The empirical analysis, using both Romer and Romer (2004) and FAVAR methodologies, largely confirms the model's predictions. The results show that durability and luxuriousness are significant determinants of price responses, aligning with the model's theoretical framework. However, the role of cash intensity remains ambiguous, with conflicting results depending on the econometric method used. This ambiguity is attributed to the limitations in data regarding the precise measurement of cash intensity for each good, and also to the limitations of the simplifying assumption of goods being purely cash or credit goods, ignoring the more agent-specific nature of payment instrument choice observed in studies such as Borzekowski et al. (2006) and Klee (2008). The paper further notes the ambiguous role of price adjustment frequency, with findings only partially supporting the theoretical predictions from models like Carvalho (2006).

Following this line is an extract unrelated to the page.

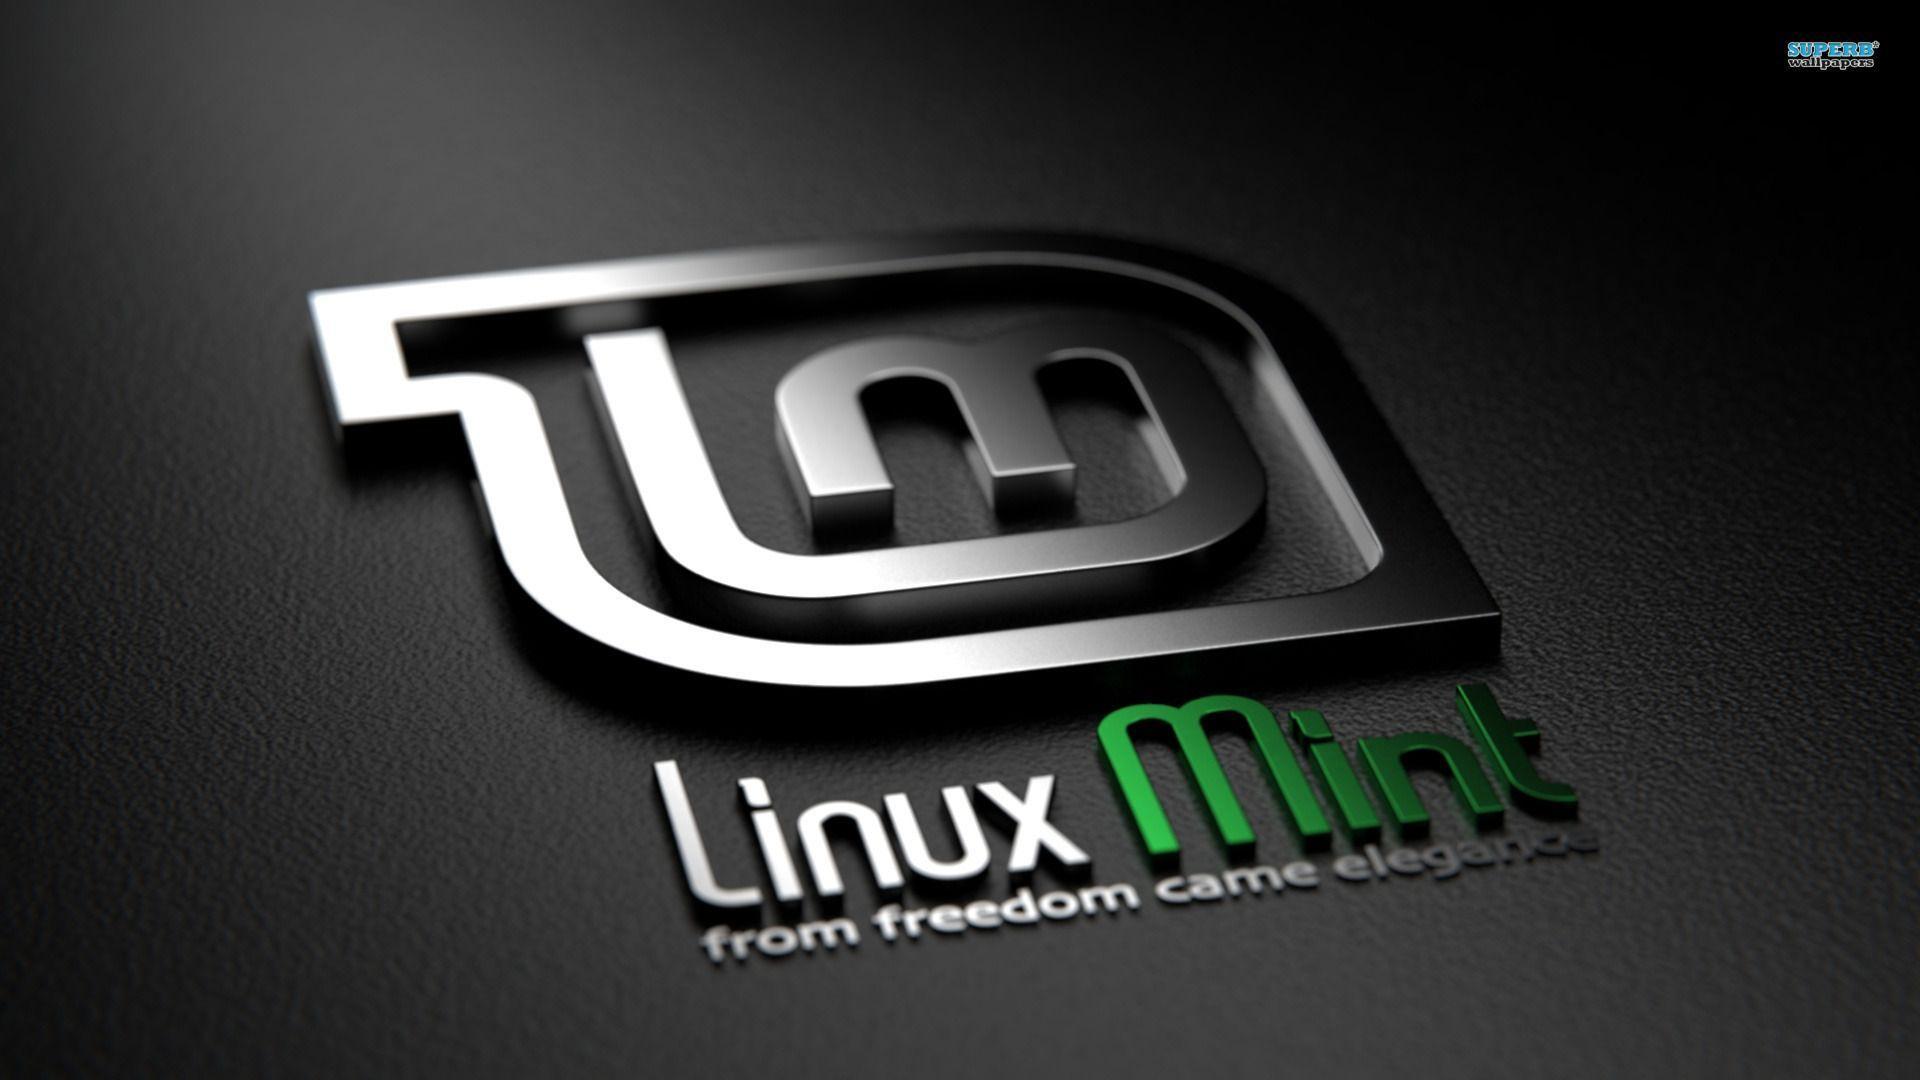 Ubuntu mate linux mint wallpaper  Multimedia Showcase  Ubuntu MATE  Community

3. Directions for Future Research

The conclusion points towards areas for future research. The study calls for further investigation into the agent-specific nature of payment instruments rather than the goods-specific nature assumed in many models. The inconclusive results regarding the influence of cash intensity and price adjustment frequency suggest the need for more refined data and modeling techniques to fully capture the complexities of the monetary transmission mechanism. More research is needed to better quantify the role of cash intensity and price adjustment frequency in shaping relative price responses to monetary shocks. The model's success in highlighting the significant impact of goods' inherent characteristics indicates fruitful avenues for future research in incorporating even more fine-grained measures of goods' attributes or exploring alternative model specifications to improve our understanding of price dynamics in response to monetary policy changes.